Muito embora haja íntima afeição entre mim e a ideia de vê-la plantada à frente da tela de um moderno computador escrevendo tal biografia, meu sentimento acerca dessa vontade que ela tem de publicá-la é de repúdio. (…) O prédio não se vende pelo suporte ou, entende-se melhor, pelo buraco que o sustenta, mas por tudo aquilo que é construído sobre tal buraco. Vendem-se os apartamentos, suspensos, mas não se vende o buraco. Aliás, não se vende sequer o porão que se constrói naquele pedaço; muito pelo contrário, enche-se de carros e poeira. (…) Minha querida Mãe é o suporte da família.
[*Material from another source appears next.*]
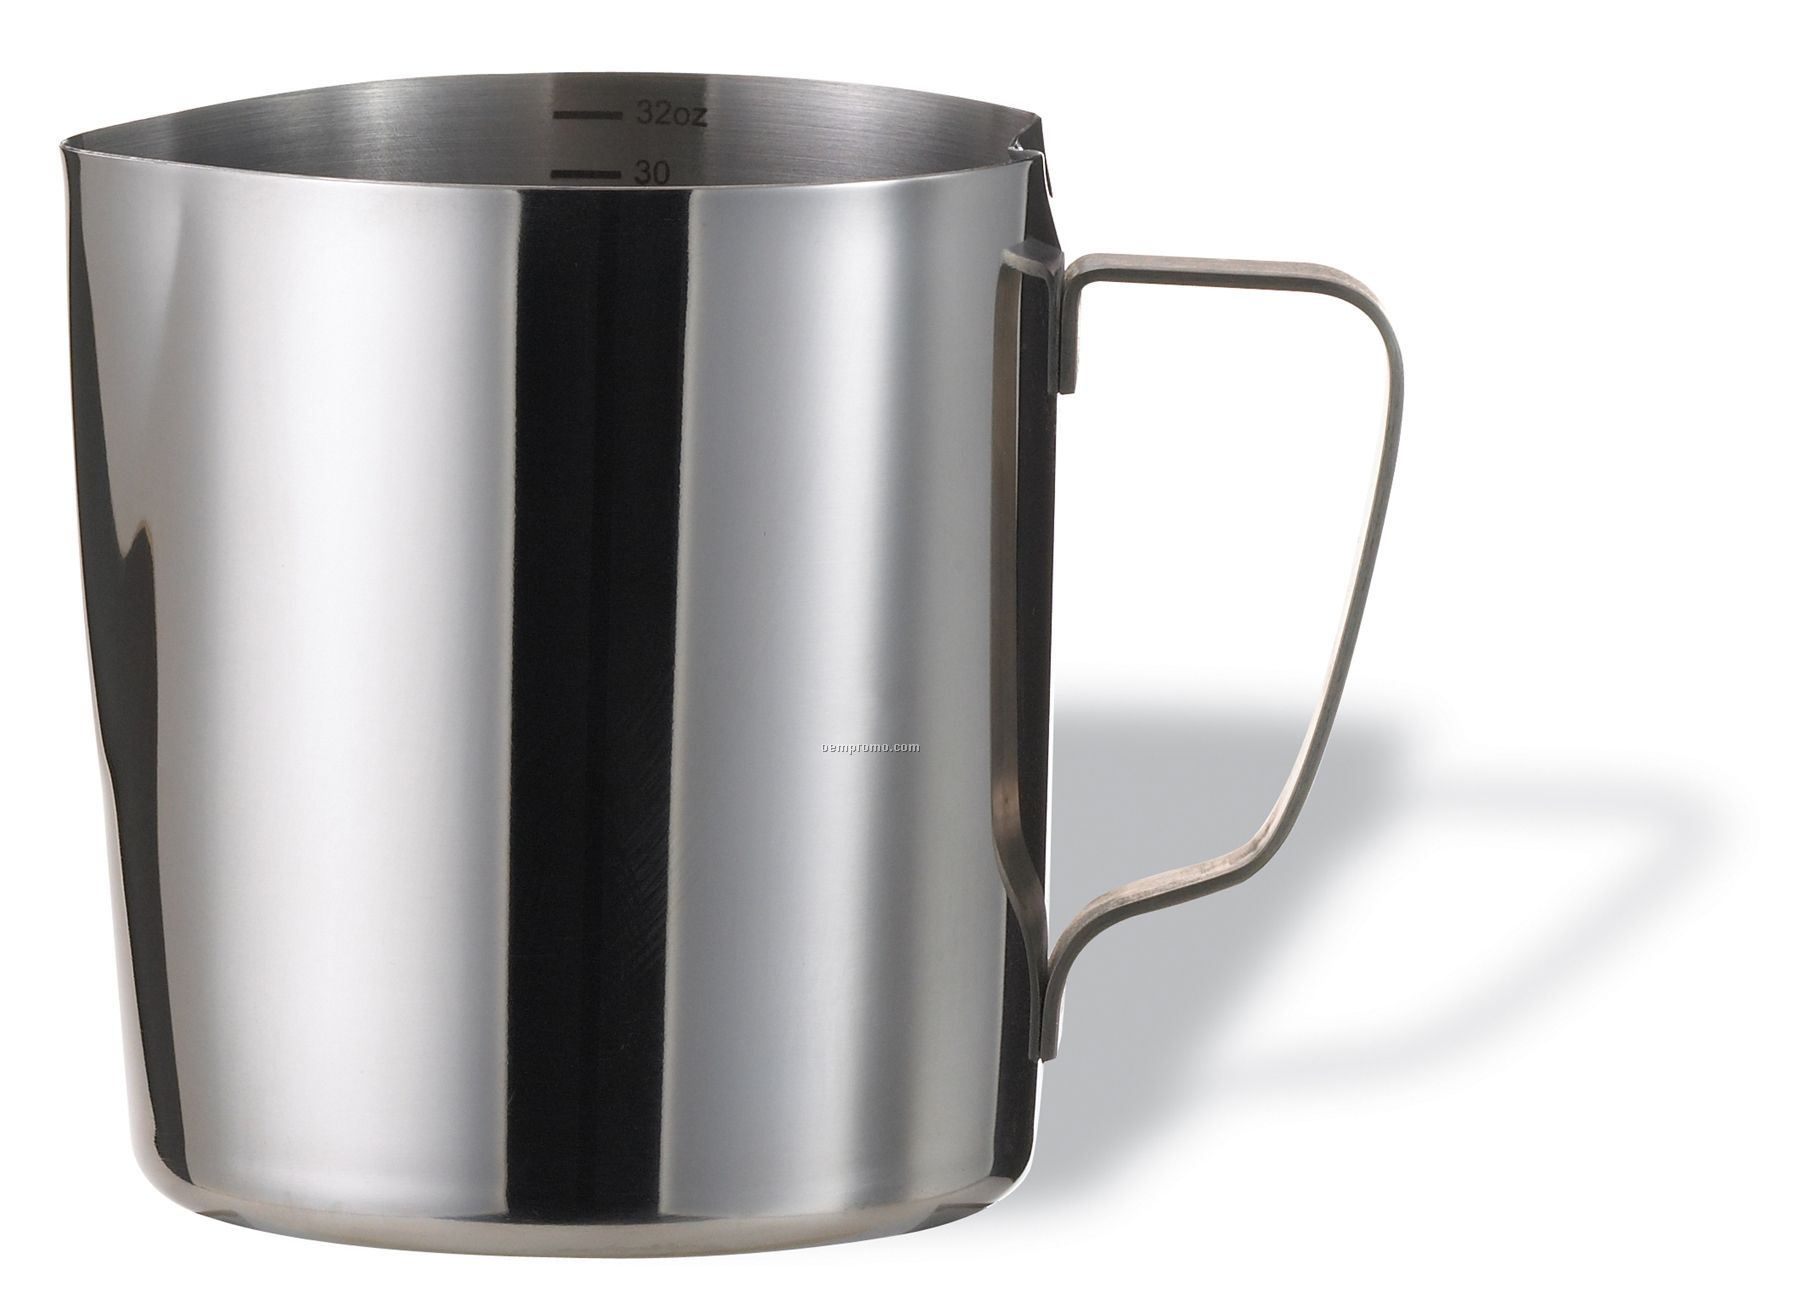 0.6 Liter Stainless Steel Frothing Pitcher
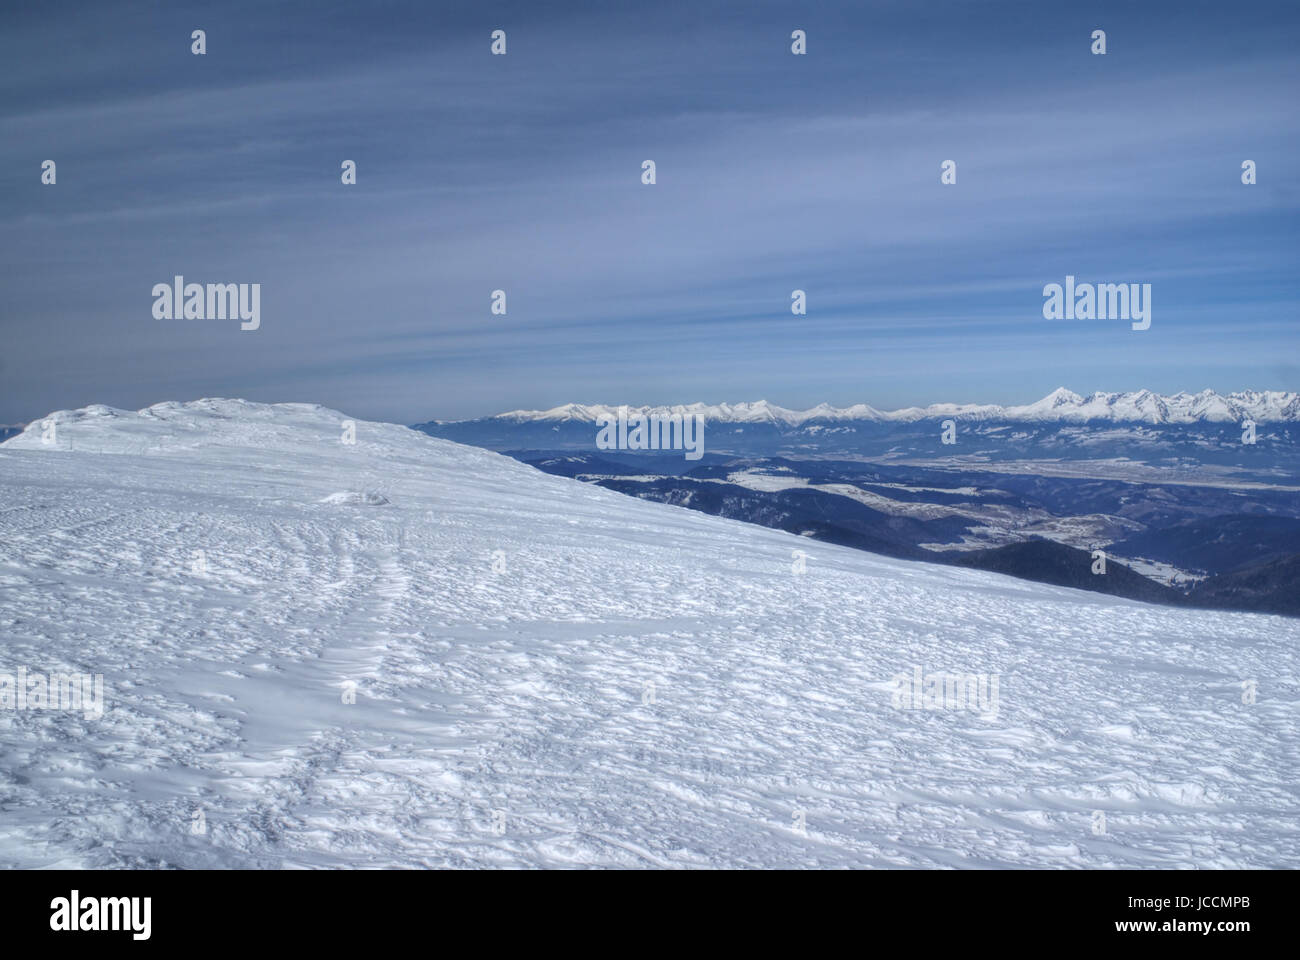 Picturesque view of Kralova hola Mountain in Low Tatras covered in snow, Slovakia Stock Photo

Ficaríamos aqui, a cambalear, se ela não estivesse presente. E cambalearíamos quando a falta de paciência tomasse conta do ser, quando o bom arroz e feijão materno nos faltassem ou quando, ainda que por um lapso, deixássemos de entender que a família, sob a égide da mãe, é a base que sustenta todo o resto. E é assim que funciona com Odorica Aureliana Girarde, minha querida Mãe: está a todo o momento, paciente como só ela, equalizando o patriarca, suportando tudo e todos como a pedra fundamental de uma obra. Sua serenidade, poucas vezes quebrada, é que dá o tom. Seu legado, aí sim, aparece sob a forma de um importante papel.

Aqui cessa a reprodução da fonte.